Miss Westfeldt had an agent who was one of the few West Coast people to have seen "Lipschtick." She had moved on to develop material at the production company InterScope. She set up the original deal for Miss Westfeldt and Miss Juergensen.

"It was like Cinderella," recalls the former. "She made the sale, with us attached to co-star. Many people were willing to bid on just the script, but playing the roles was a deal-breaker for us. Then we spent two years on the screenplay, which improved in many, many ways as a result of that process, but then we waited to get the rights back in turnaround to make the picture ourselves, because our original champions seemed to be taking too long. Ultimately, we wanted to do it faster and on less money and a little differently."

Miss Juergensen credits two InterScope executives, Scott Kroop and Erica Huggins, with being "wonderful advisers and mentors."

Even though they parted company at the end of the day, she professes gratitude to the original director, the veteran Canadian actor Saul Rubinek, who had made one feature at the time he became involved with "Jessica Stein." "He's the one who came to us and said things like, 'Look at your supporting parts. Would you want to play these characters? You need to write them as if you intended to,'" she says.

Regaining control of their screenplay also made it imperative that the writers become fund-raisers. They started what Miss Juergensen calls "our little L.L.C.," a limited liability company in which investors could buy shares in the dream of "Kissing Jessica Stein" for $2,500 each. "We found that more shares than not came from people with no money," she says.

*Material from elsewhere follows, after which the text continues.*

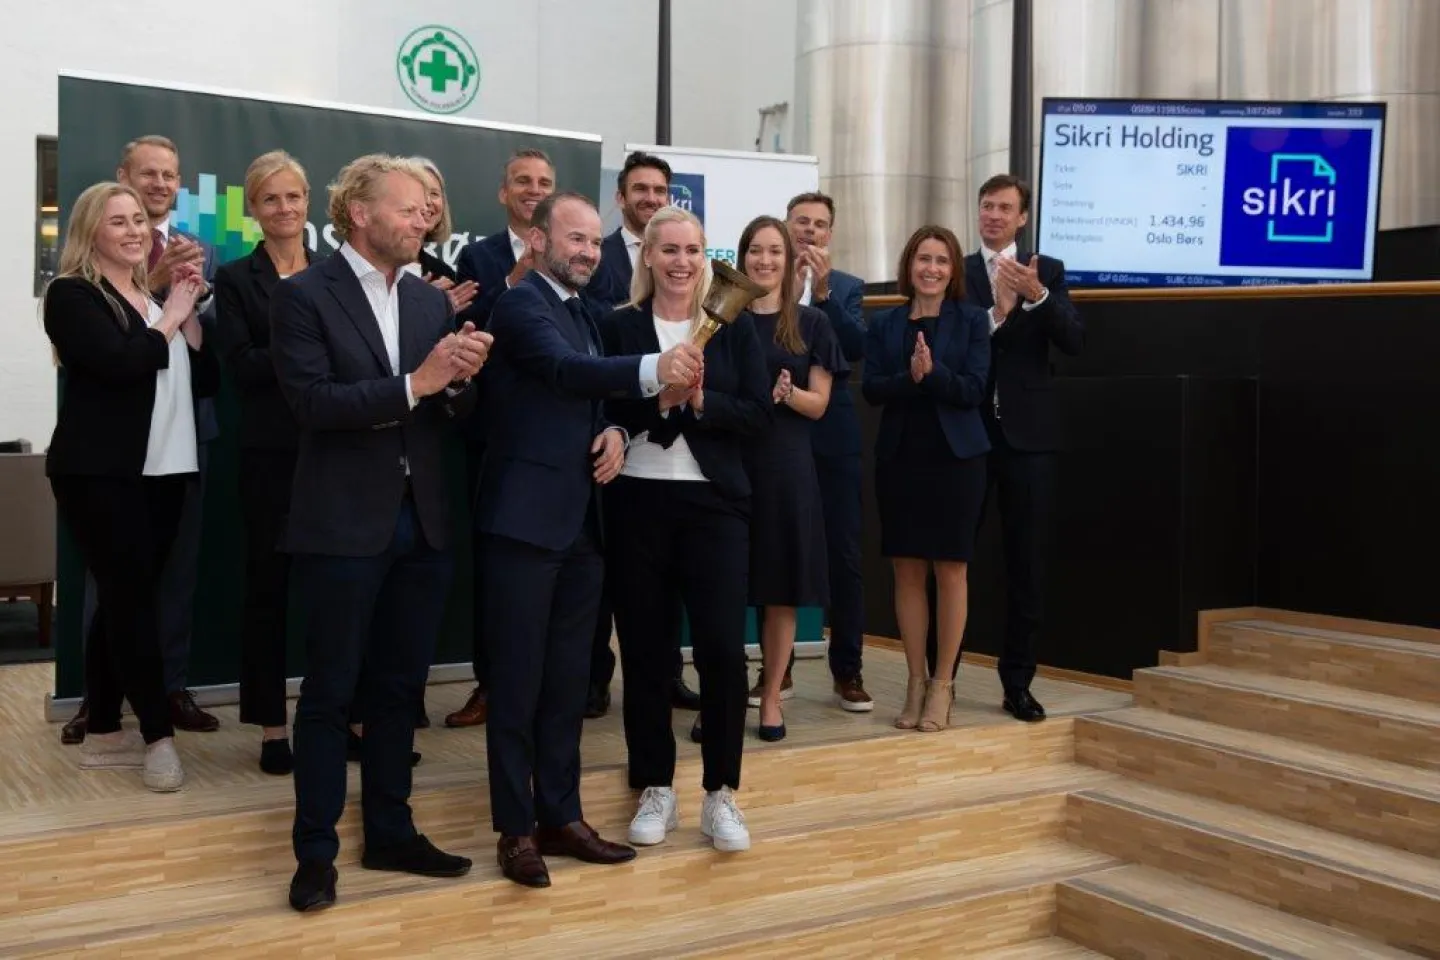 The Sikri Holding team ringing the bell to celebrate the transfer of the company to the Oslo Børs main market

Miss Westfeldt reflects, "The only reason we attracted a major investor, Brad Zions, is because he was a movie novice himself. He was an AOL millionaire and wanted to jump into the film business."

That chance consisted of a $500,000 stake in the movie. He and Miss Westfeldt feel so confident now that they'll soon collaborate on a screenplay she has written independently of Miss Juergensen, who also has a backlog and plans to take another crack at the play that stalled on her just before the "Jessica Stein" collaboration began. Their director, a San Francisco theater director named Charles Herman-Wurmfeld, also was a newcomer to films.

Miss Juergensen says: "It was an opportunity for Charlie. Directors who were further along in their careers just weren't that interested. We all needed to be completely gritty. Sometimes we could afford only one take, because the light was going or we didn't have permission to shoot in a certain place. We needed to behave like renegades or infiltrators."